Find the local maximum and local minimum values of the function given by $f(x) = x^{3} - 6x^{2} + 9x + 15$.

(N/A) Given $f(x) = x^{3} - 6x^{2} + 9x + 15$.
First,find the derivative $f^{\prime}(x) = 3x^{2} - 12x + 9$.
Set $f^{\prime}(x) = 0$ to find critical points: $3(x^{2} - 4x + 3) = 0 \Rightarrow 3(x - 1)(x - 3) = 0$.
Thus,the critical points are $x = 1$ and $x = 3$.
Now,find the second derivative $f^{\prime \prime}(x) = 6x - 12 = 6(x - 2)$.
For $x = 1$,$f^{\prime \prime}(1) = 6(1 - 2) = -6 < 0$. Since the second derivative is negative,$x = 1$ is a point of local maxima.

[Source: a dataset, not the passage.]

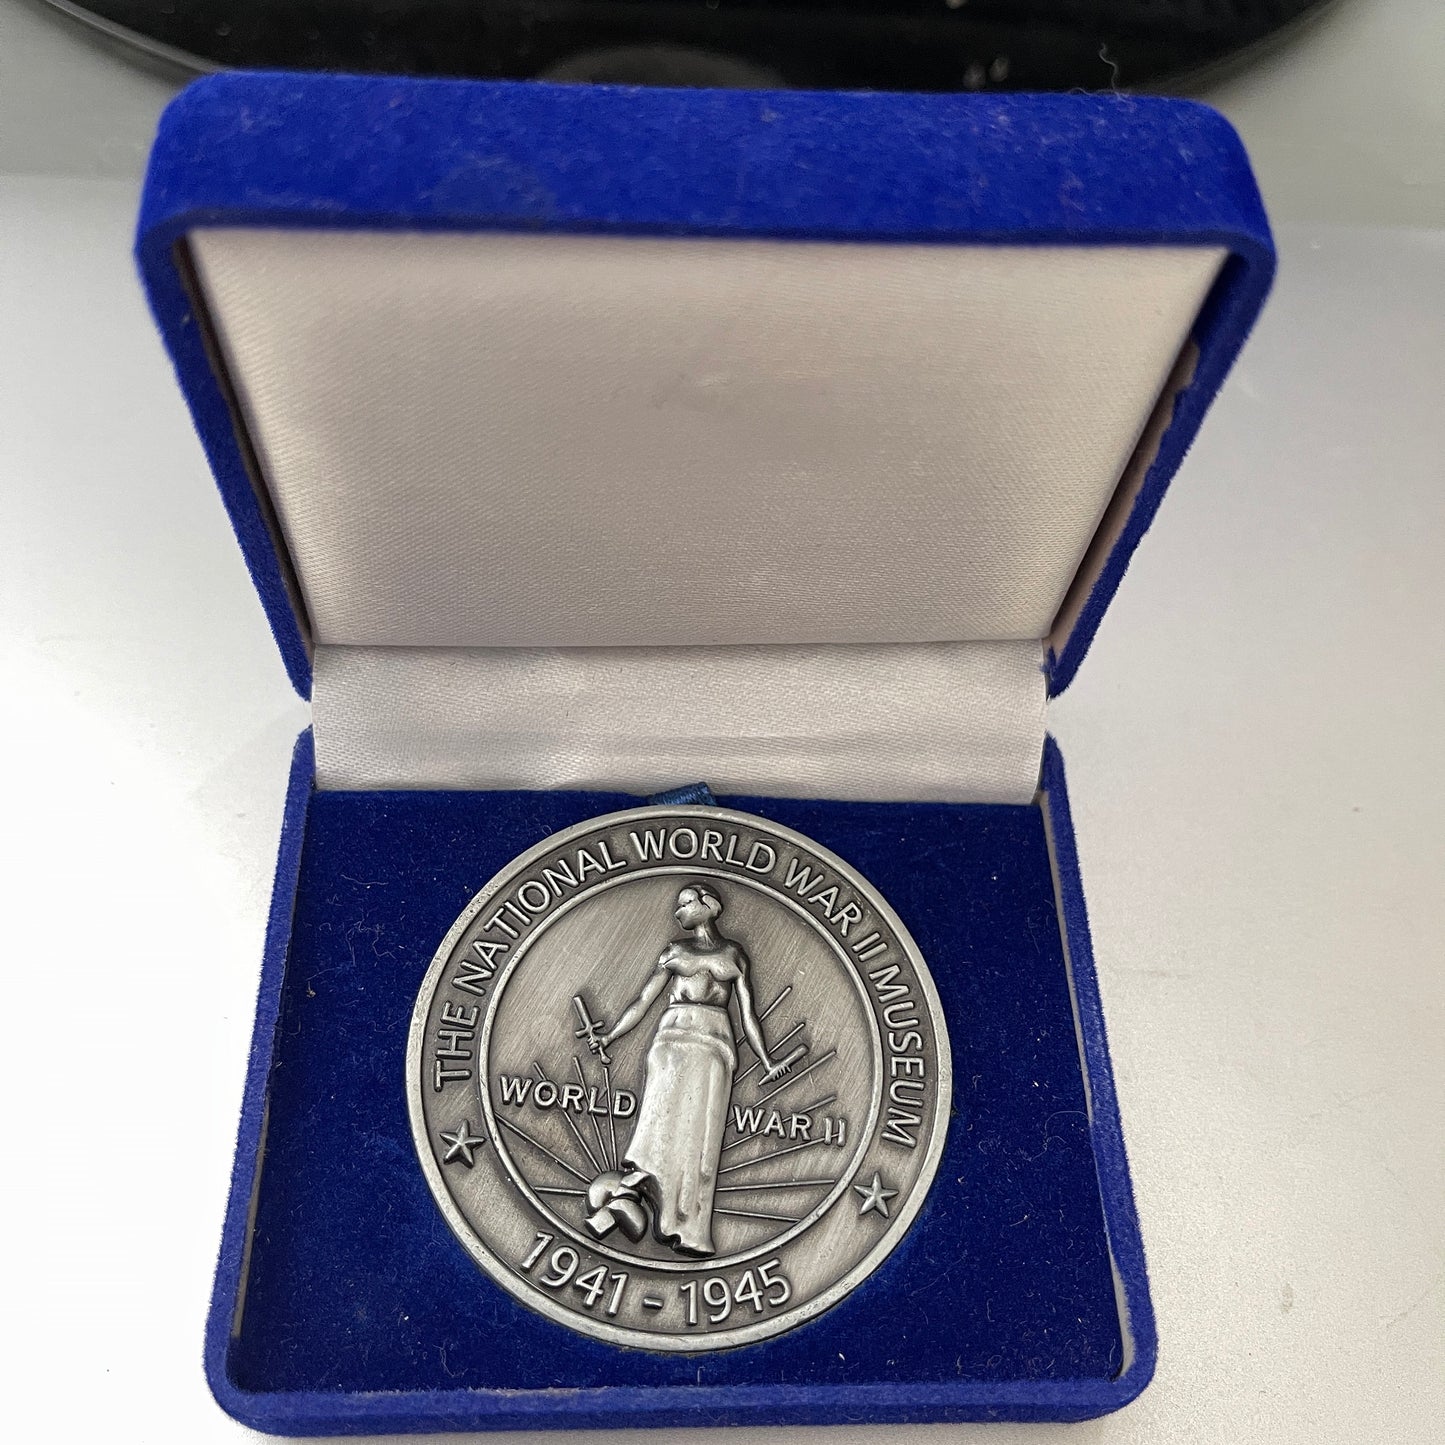 The National World War II Museum Charter Member challenge Coin Vintage Commemorative Collectible

The local maximum value is $f(1) = (1)^{3} - 6(1)^{2} + 9(1) + 15 = 1 - 6 + 9 + 15 = 19$.
For $x = 3$,$f^{\prime \prime}(3) = 6(3 - 2) = 6 > 0$. Since the second derivative is positive,$x = 3$ is a point of local minima.
The local minimum value is $f(3) = (3)^{3} - 6(3)^{2} + 9(3) + 15 = 27 - 54 + 27 + 15 = 15$.